N ten en cuenta que la palabra “debería” y sus parientes (“debe”, “debería”, etc.) se utilizan de cuatro formas distintas. Sólo una es “moral”. Hay un “debería” de predicción, como en “Según las previsiones, debería llover mañana”. Un segundo “debería” es de prudencia o deliberación práctica: “Deberías probar un cepillo de dientes eléctrico”; “Debería ir al médico por ese bulto que tengo en el pecho”. El tercero se refiere a una obligación legal: “Por ley, debo presentar mi declaración de la renta esta semana”. Son usos diferentes, pero no plantean problemas evidentes de interpretación.

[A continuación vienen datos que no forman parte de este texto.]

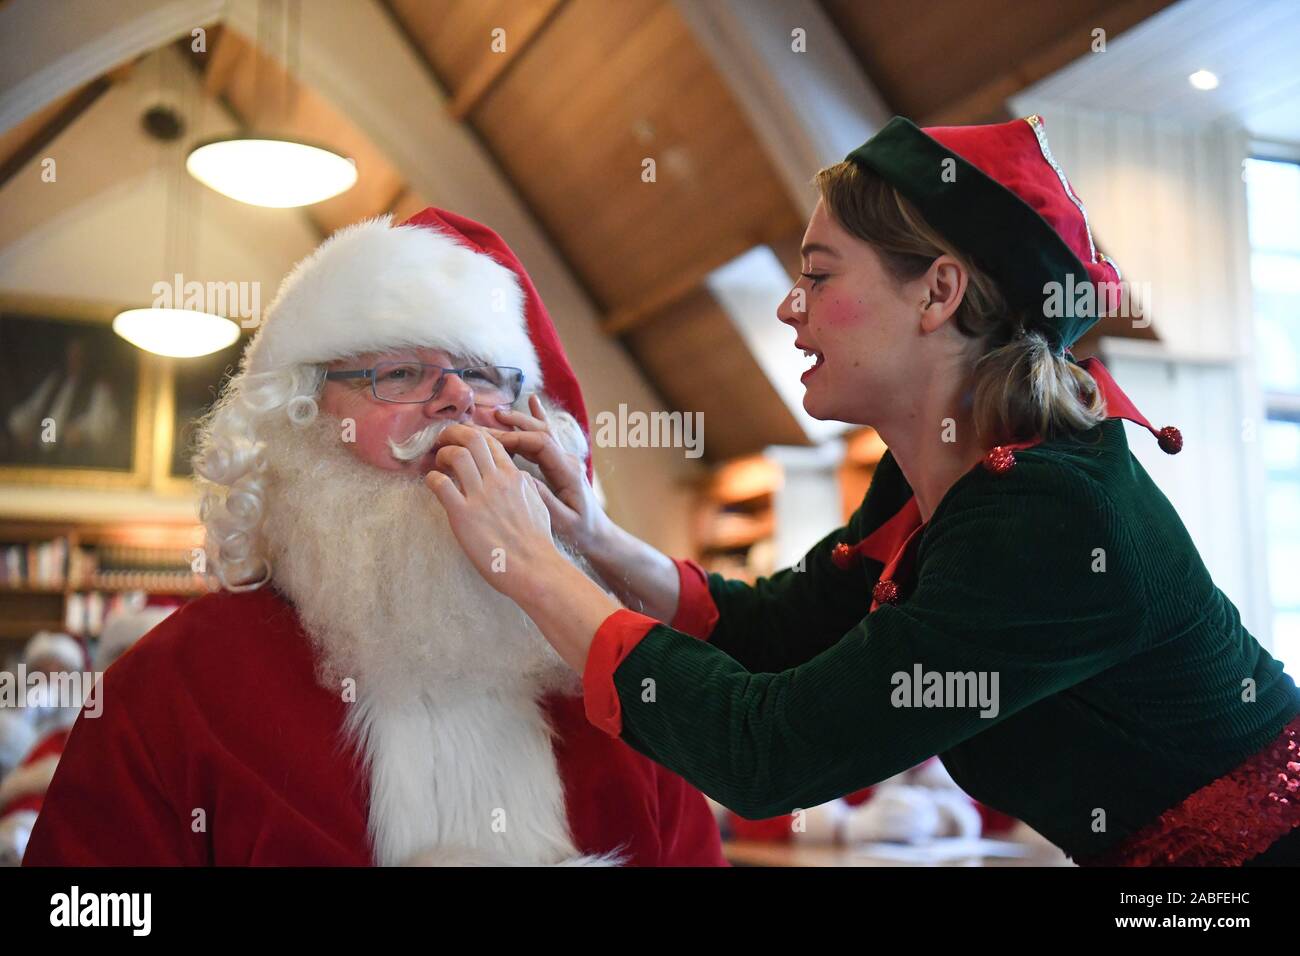 An elf adjusts a Father Christmas performer's moustache in a classroom during the 23rd annual Santa School at Southwark Cathedral in London. Stock Photo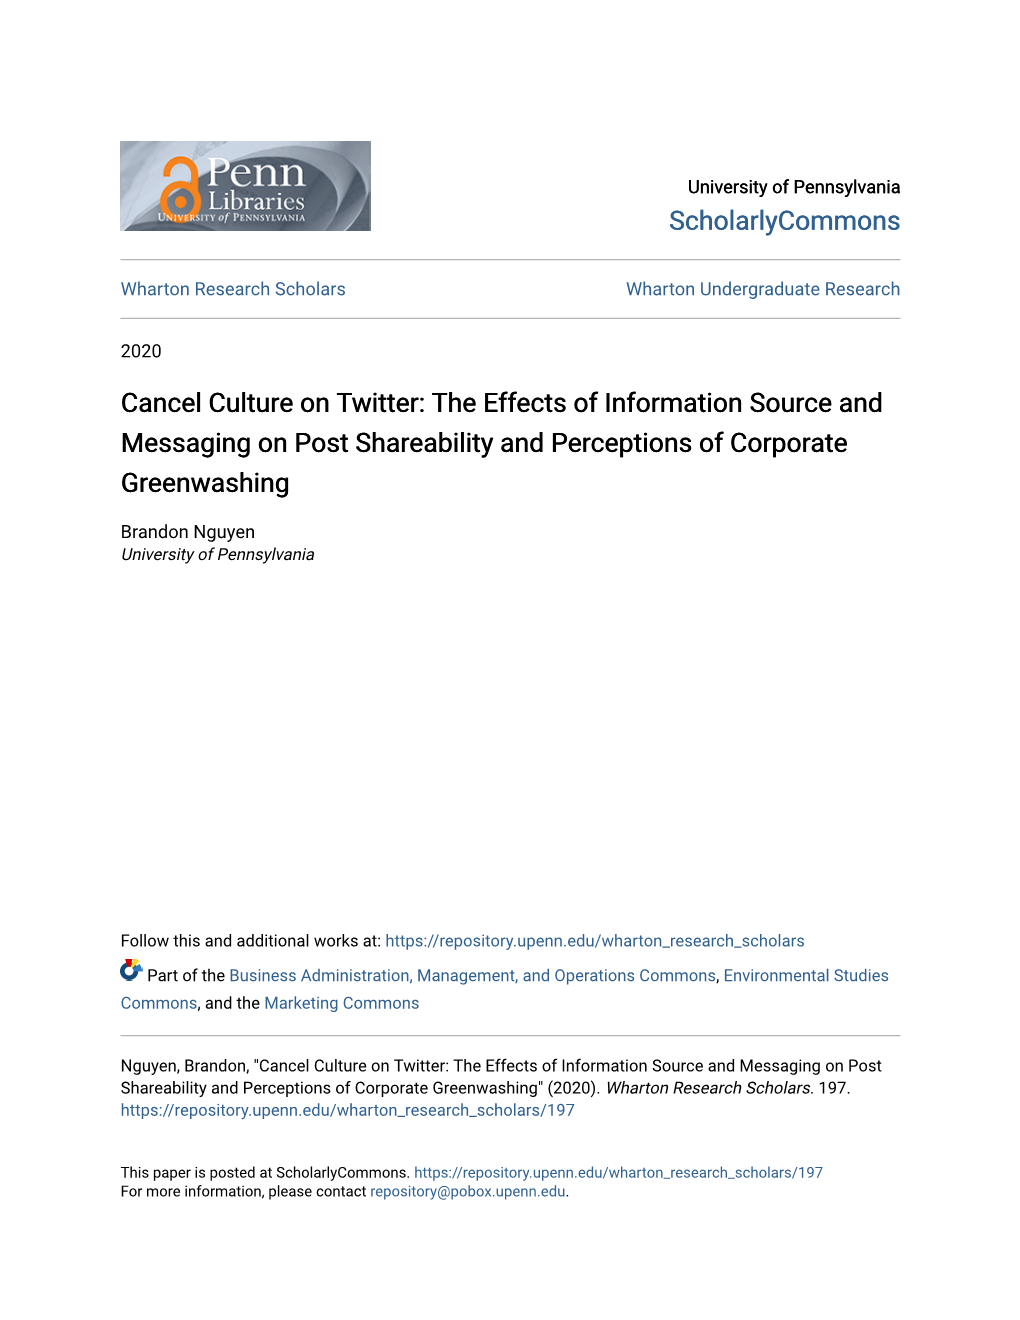 Cancel Culture on Twitter: the Effects of Information Source and Messaging on Post Shareability and Perceptions of Corporate Greenwashing

El cuarto, el “deber moral”, es otra cuestión. Es el que reclama la autoridad suprema para normas generales como “Debes cumplir tus promesas” o “No debes hacer daño a personas inocentes”.

La moral está incómodamente relacionada tanto con la prudencia como con el derecho. Los deberes morales suelen entrar en conflicto con el interés propio; y la legalidad no es suficiente ni necesaria para la moralidad. A veces se invoca la moral a favor de una ley propuesta o en contra de una injusta; pero existe un amplio consenso en que, en una sociedad pluralista moderna, la ley no debe hacer cumplir todas las normas morales. La mentira se considera inmoral en general, pero sólo es ilegal bajo juramento. El derecho moderno también se ha ido retirando cada vez más de algunos ámbitos “privados”. El sexo y la religión son ejemplos evidentes. La mayoría está ahora de acuerdo con lo que dijo Pierre Trudeau en 1967, cuando era ministro de Justicia de Canadá, de que “no hay lugar para el Estado en los dormitorios de la nación”.

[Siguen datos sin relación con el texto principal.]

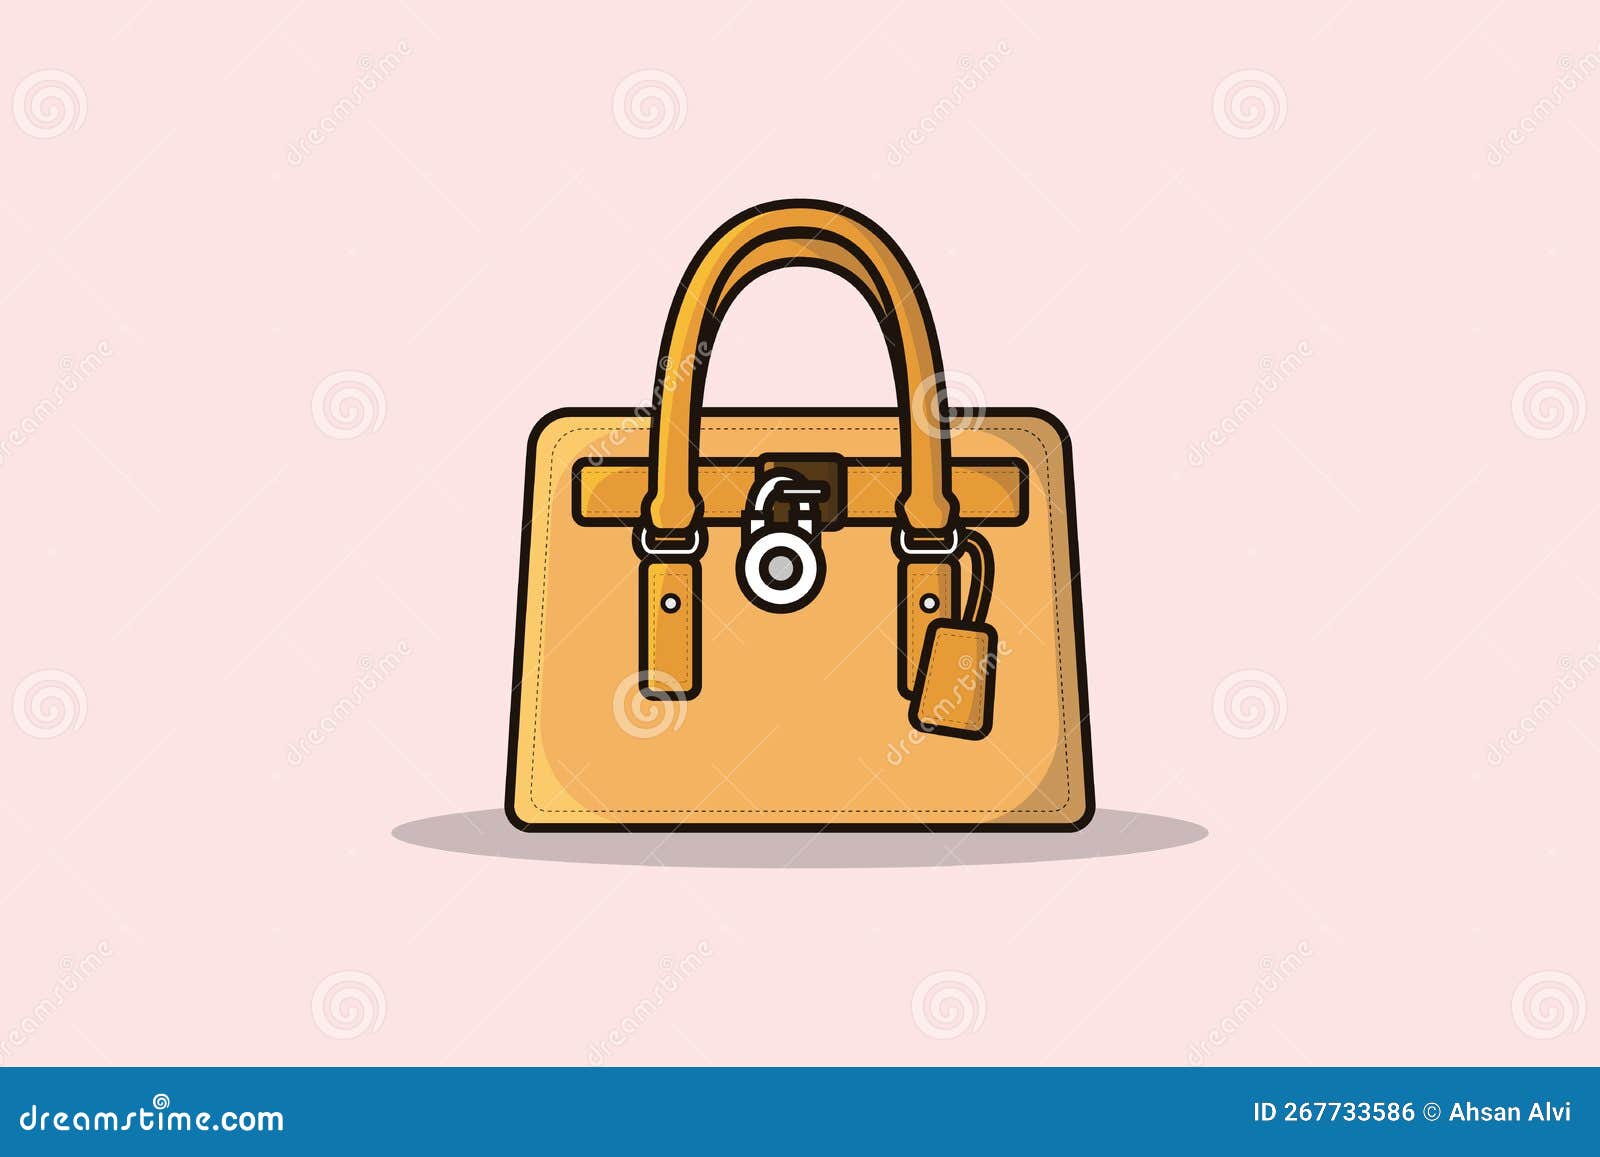 Beautiful leather bags, totes and purses – Beautiful bags

Sin Dios, el terrorismo moral que se apoya en el infierno pierde algo de fuerza

En resumen, muchas cosas no son legalmente obligatorias ni están prohibidas. Pero la moralidad no está tan restringida: un sistema de moralidad puede, como Dios, reclamar autoridad total sobre cada acción e incluso sobre cada pensamiento. Un sistema totalizador así parecería opresivamente intrusivo. Sin embargo, las principales teorías de la moralidad sólo pueden mitigar su extralimitación estableciendo límites arbitrarios a su propia relevancia.

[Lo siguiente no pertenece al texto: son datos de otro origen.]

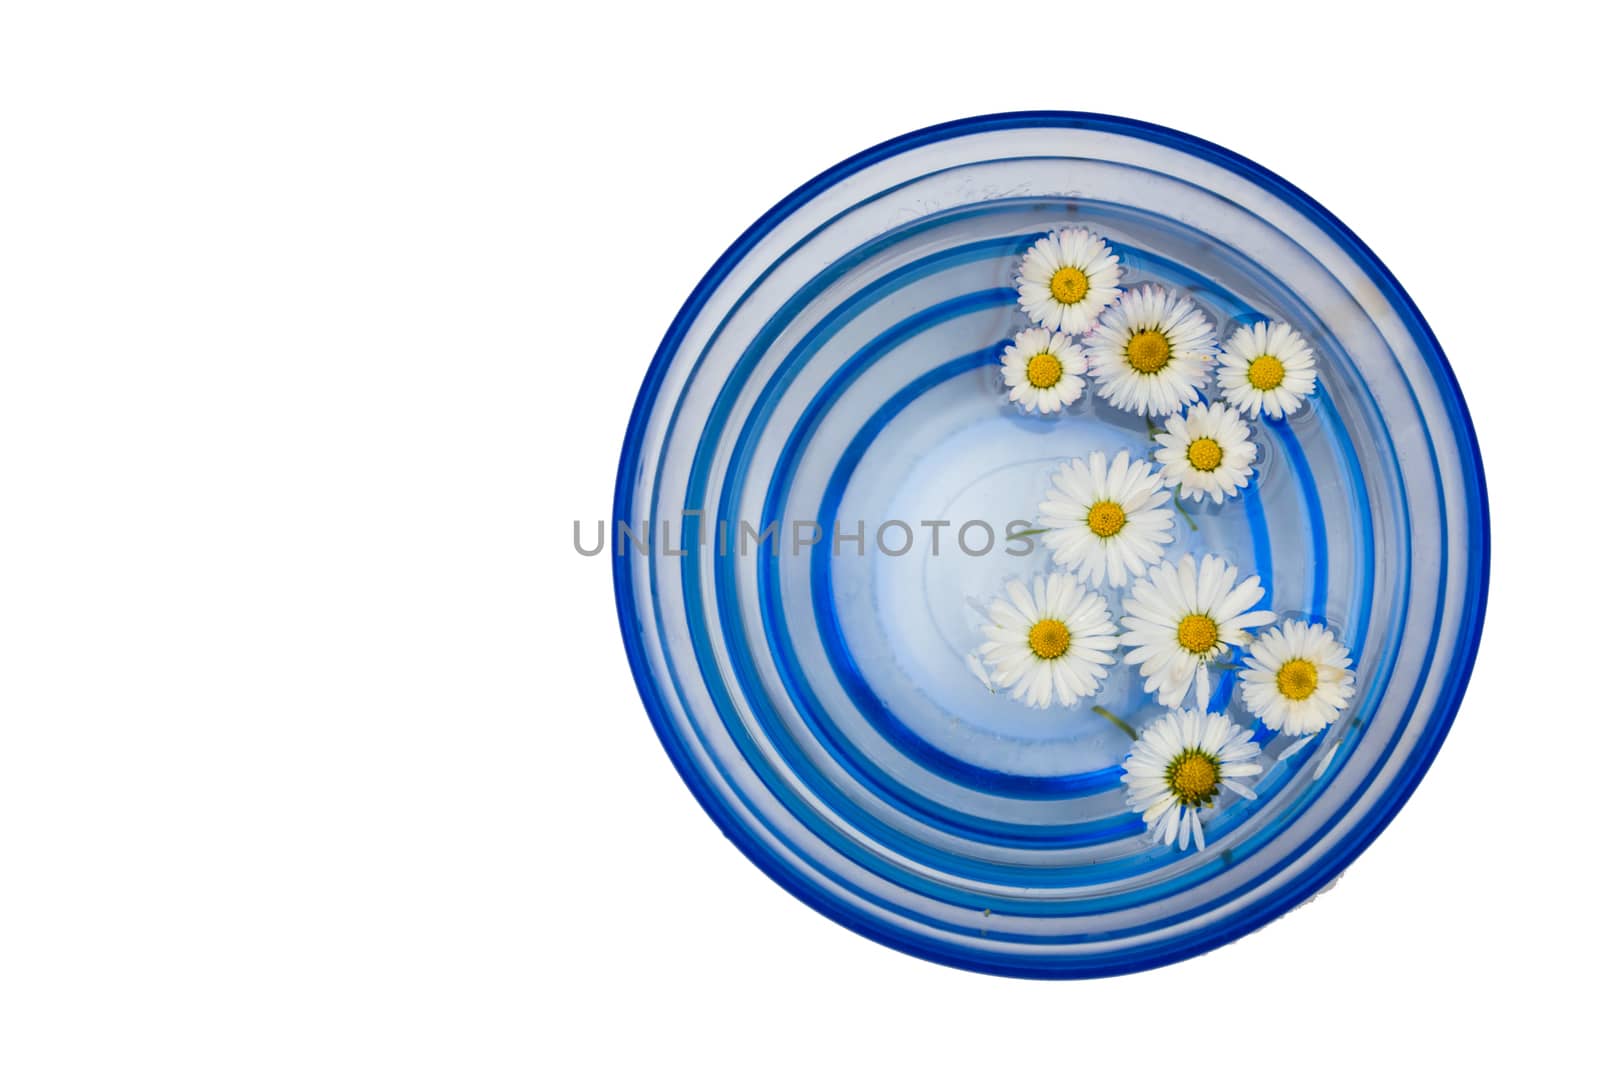 A blue glass vase filled with water and daisies

En este aspecto, entre muchos otros, la moral parece el fantasma de la religión. La religión es totalizadora por su propia naturaleza: Dios sabe y juzga todo lo que haces y piensas. Y el terror, aunque hoy en día esté menos de moda entre los cristianos, es un instrumento probado de la fe. Muchos cristianos han vivido aterrorizados por el infierno. La justicia divina nunca se interpone en el camino”, proclamó el predicador del siglo XVIII Jonathan Edwards. Al contrario, la justicia pide en voz alta un castigo infinito.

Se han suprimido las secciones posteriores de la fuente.